*** Opening of TASK INPUTS ***
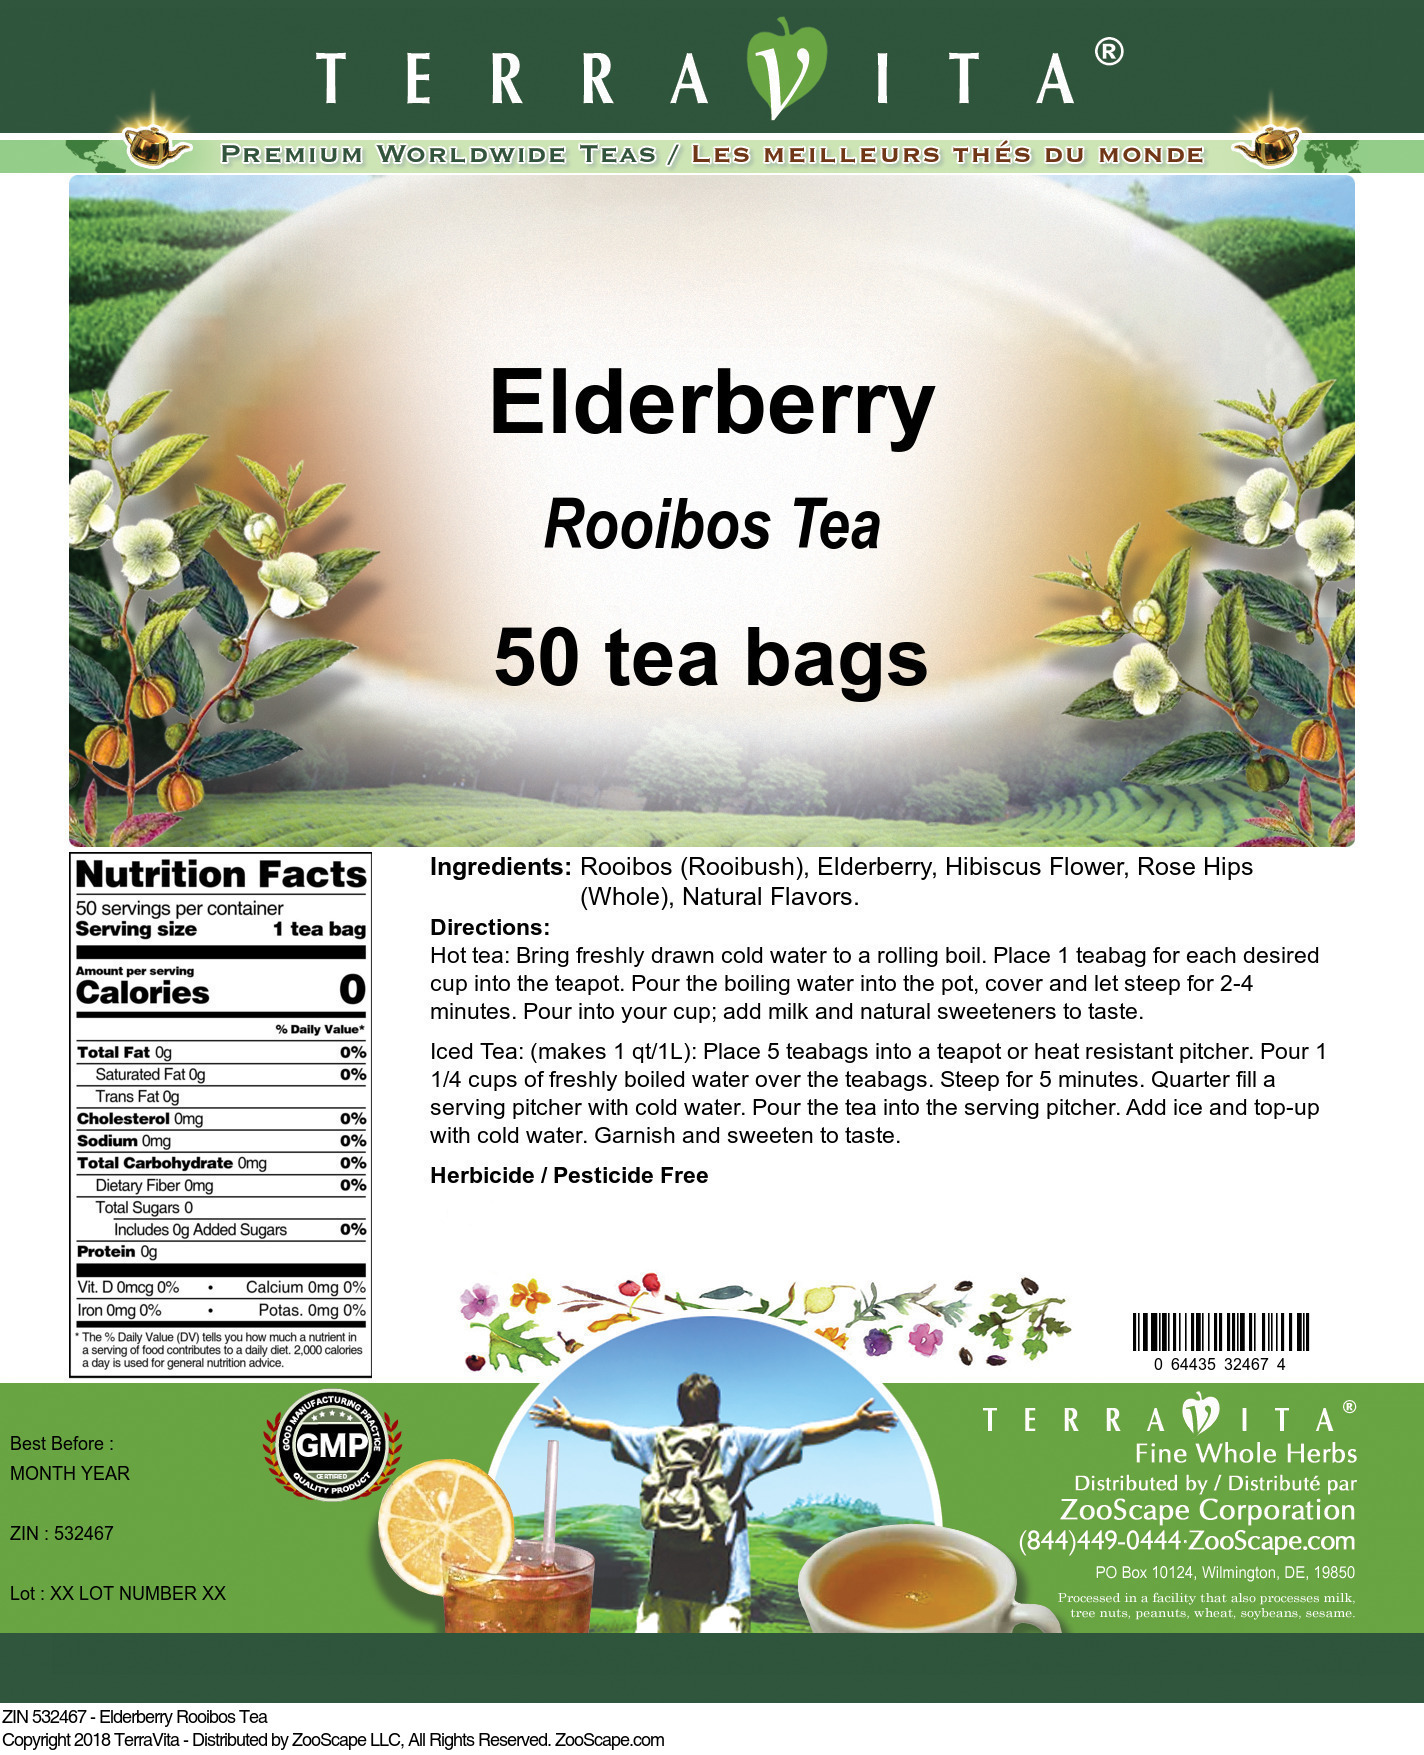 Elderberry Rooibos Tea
*** Close of TASK INPUTS ***
*** Opening of TASK INPUTS ***
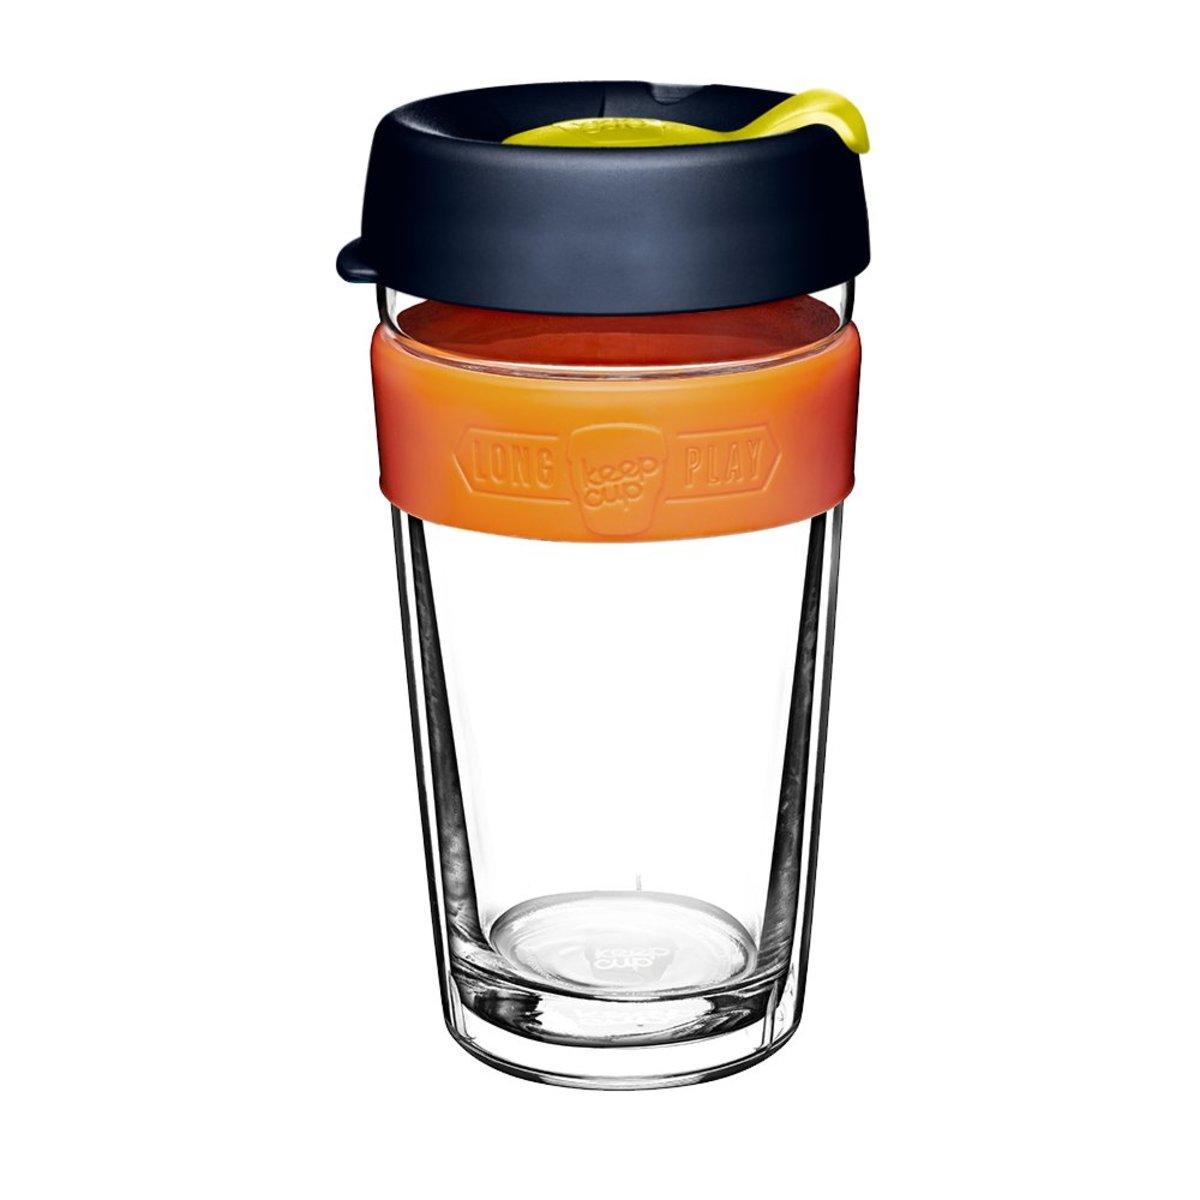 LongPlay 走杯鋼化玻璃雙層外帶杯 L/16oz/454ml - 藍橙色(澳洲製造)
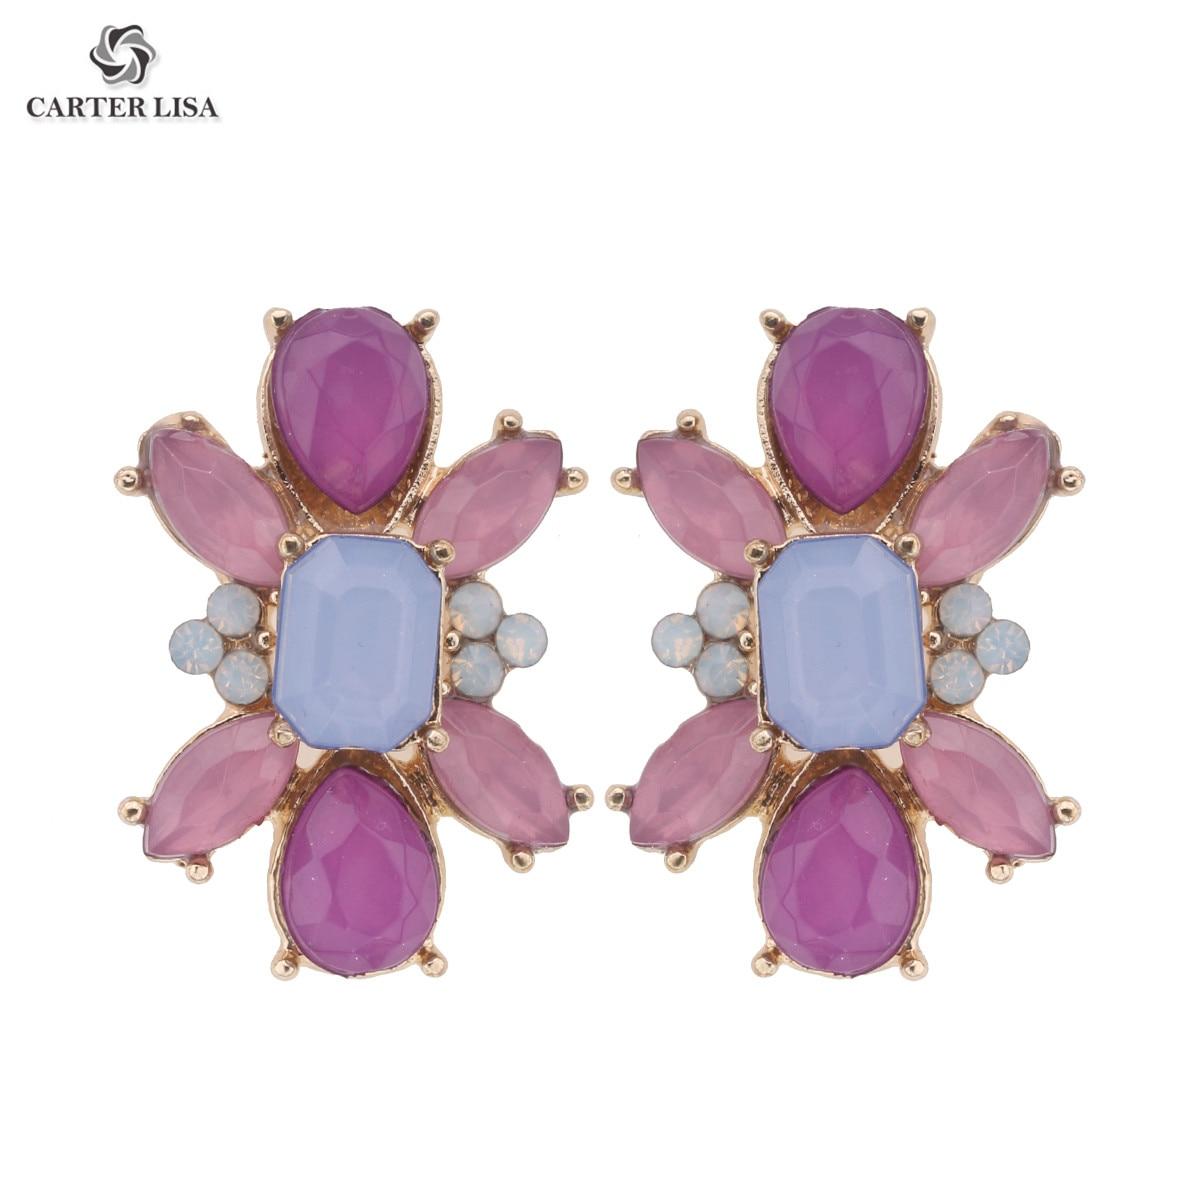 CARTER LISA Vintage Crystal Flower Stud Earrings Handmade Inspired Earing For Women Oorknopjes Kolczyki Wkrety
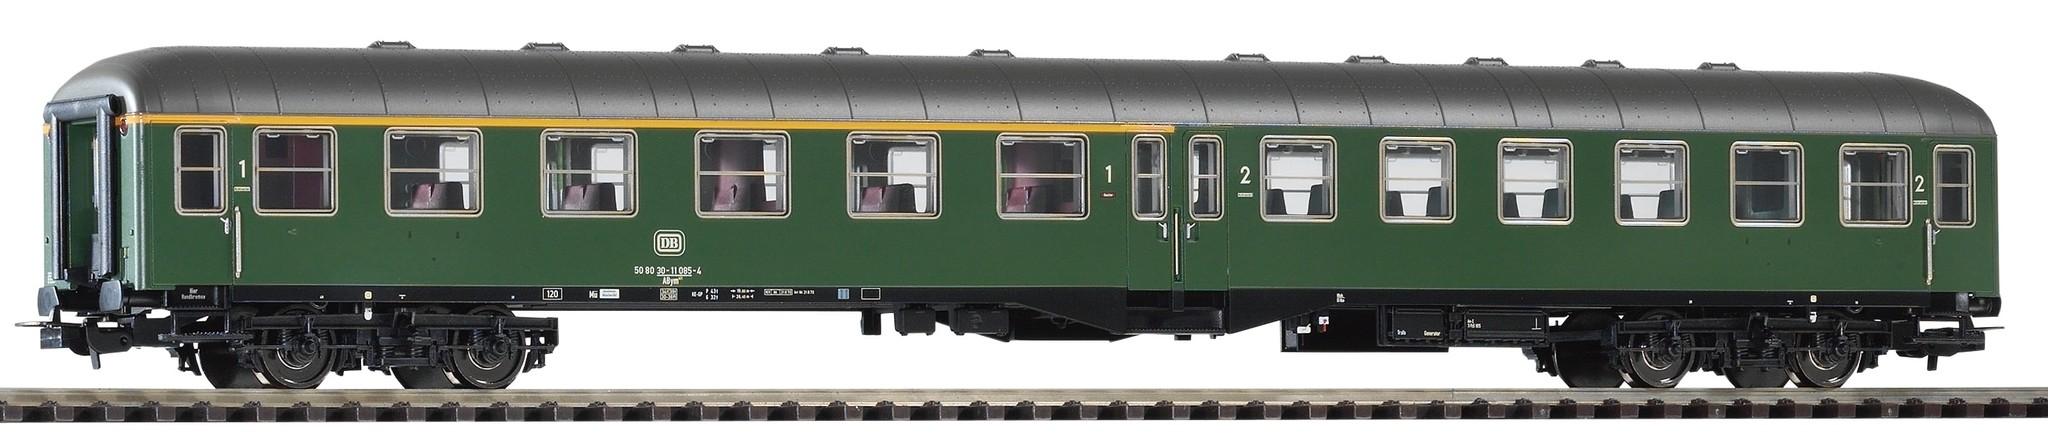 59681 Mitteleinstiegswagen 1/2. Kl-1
*** Close of TASK INPUTS ***
- _EXERCISE REQUIREMENTS_: The expected output is the lines above from the one containing "CARTER LISA Vintage" to the one containing "59681 Mitteleinstiegswagen 1/2. Kl-1", both ends included, reproduced exactly with every picture left out.

- _FINISHED TASK_:
 CARTER LISA Vintage Crystal Flower Stud Earrings Handmade Inspired Earing For Women Oorknopjes Kolczyki Wkrety
 59681 Mitteleinstiegswagen 1/2. Kl-1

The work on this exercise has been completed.